Experts can never be defeated.

oldprof

Dave - -Why don't you start by taking a look at this:

http://www.econbrowser.com/archives/2008/10/shadowstats_res.html

You need to follow the links in the article. James Hamilton is a top economist and not a market bull by any means. He is just trying to get it right. The key point is that the supposed data cannot be replicated.

This is just the CPI stuff, but the employment arguments are similar IMHO.

Jeff

Dnarby

Thanks, I'm slowly learning to give the benefit of the doubt to all but the most overtly hostile net-based communications.

More to the point though, I was wondering if you still discounted Shadowstats after reading their methodology/history/reasoning http://www.shadowstats.com/section/primers

The reason I bring this up is that IMO the scenario they put forth is very plausible.

oldprof

Dave - -This is not a problem for me at all. There have been a few "lost" comments and people send me an email.

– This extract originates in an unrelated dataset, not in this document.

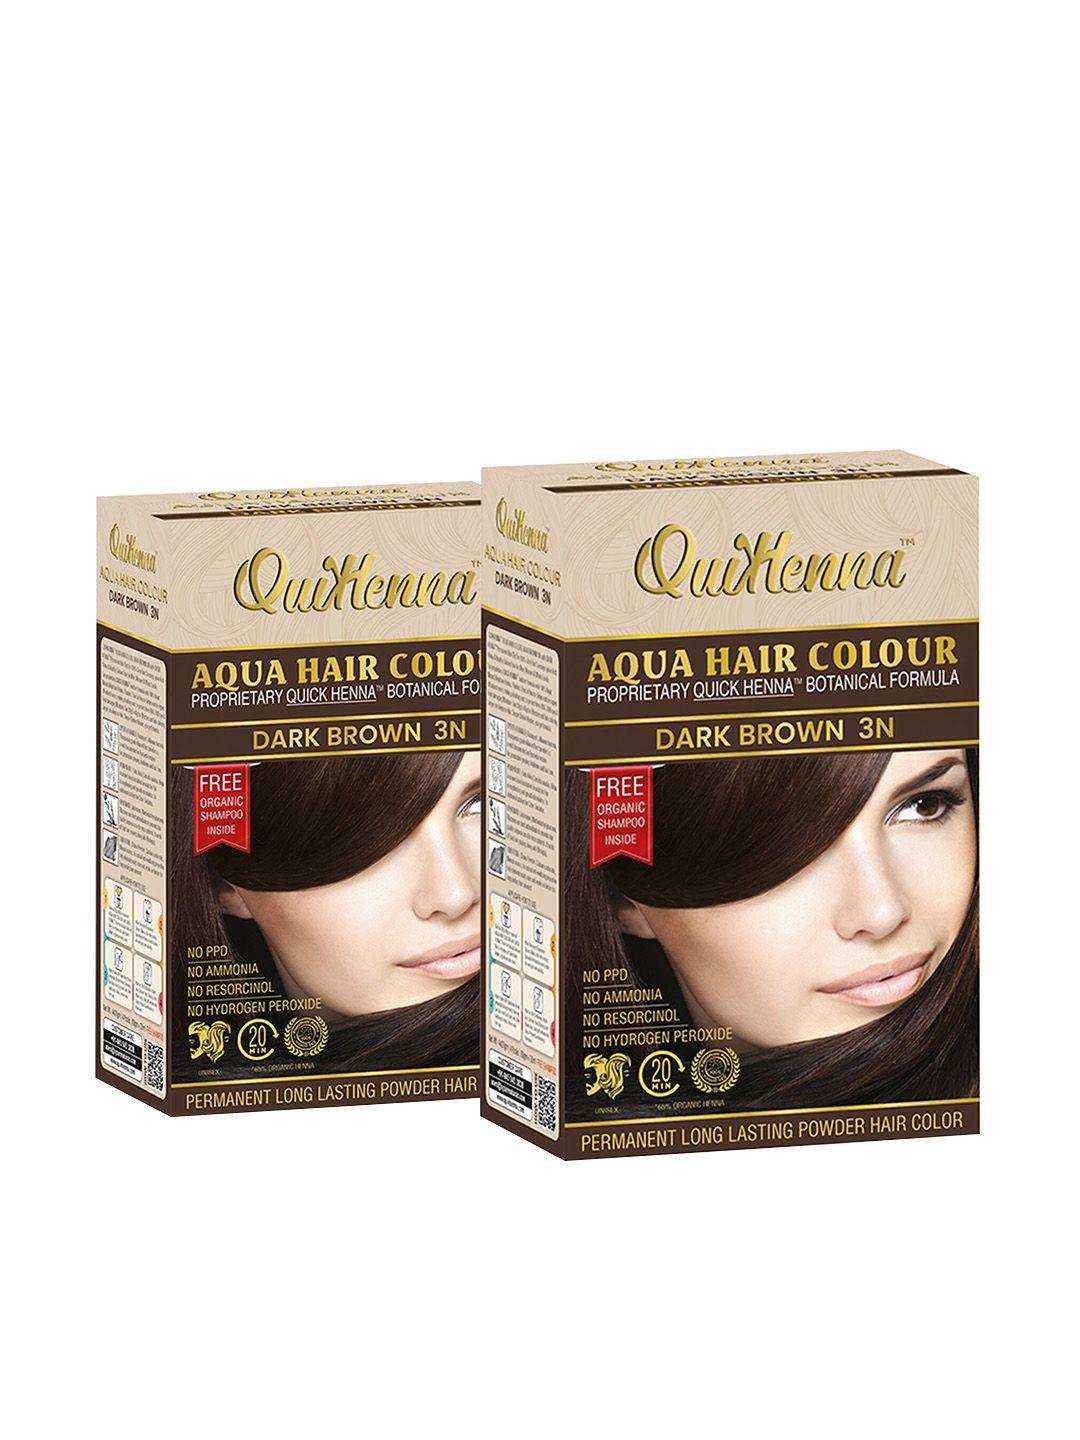 quikhenna set of 2 no ammonia aqua hair colors 110 g each - dark brown 3n

We fix ASAP.

I hope to write more on the issues you raise.

Thanks for your comments and the courteous follow up messages!

Jeff

Dnarby



Hi Jeff,



Much needed apologies if I erroneously and unfairly accused you of
improper comment deletion, and thanks for the cordial response.



I am curious though, if you have read the methodology/history behind
Shadowstats. http://www.shadowstats.com/section/primers  IMO, their
arguments are well reasoned and compelling.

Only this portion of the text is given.